This Business Intelligence webinar video is from the Proformative webinar "Business Intelligence: Raising the IQ of Your Data" held on September 27, 2012. The webinar features a presentation from Tom Kelly, Managing Director, T-Edwards, Inc.

 

Business Intelligence Webinar

 

"John: Well, on to learning objectives. Today we're going to be talking about how you can better utilize data to make better decisions at your company. There's been an awful lot of discussion about big data, small data, access to data, online data, internal data, external data.

It's enough to choke on, and today we're hoping to help you get your arms around these data issues and how you turn data into useful information and get it into the hands of people in your organization that need that to make decisions. Maybe that's you, maybe that's the folks you're working with or supporting.

We're hoping to help make sense of some of this and give you some great ideas that you can leverage at your company today.

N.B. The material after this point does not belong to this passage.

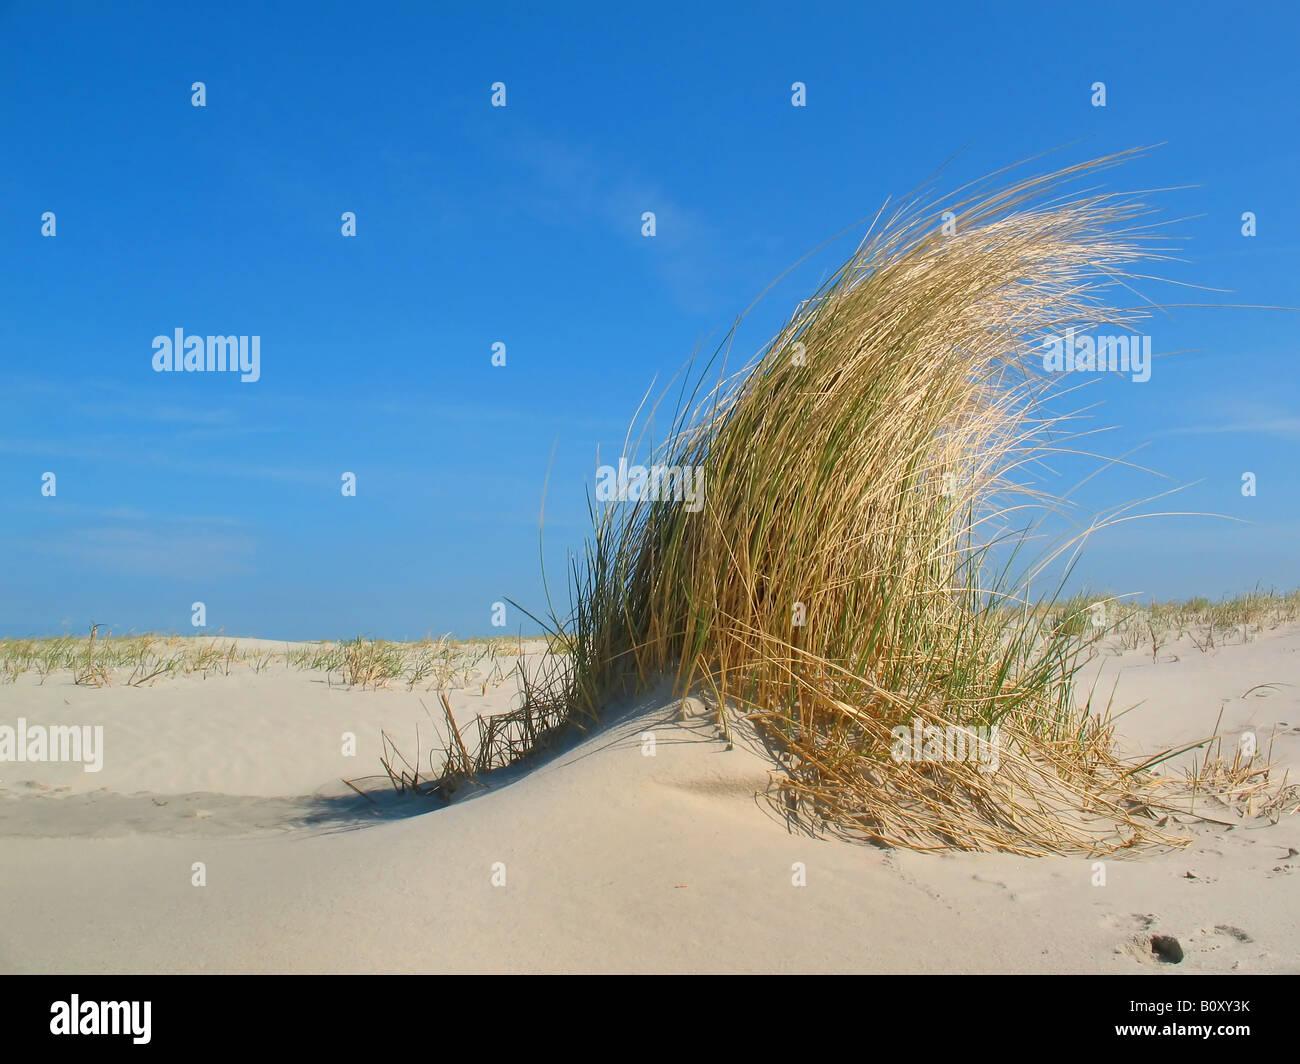 Blue lyme grass blue dune - Beach Grass European Beachgrass Marram Grass Psamma Sea Sand Reed Ammophila Arenaria Dune Grass On A Sandy Beach Under A

Helping us do this today, a frequent guest on the form of events, I'd like to welcome Tom Kelly who's the Managing Director of T-Edward, Inc. As the Managing Director of T-Edward, Inc., Tom serves as a strategic partner and CFO/CIO for several unique companies. Portfolio companies include Kardia Health Systems and OnPoint Medical Diagnostics, organizations that were created by commercializing a software IP from leading healthcare institutions. TriPrima, Inc. who offers computing infrastructure and the storage of the service delivered in the private cloud and a multitude of other companies.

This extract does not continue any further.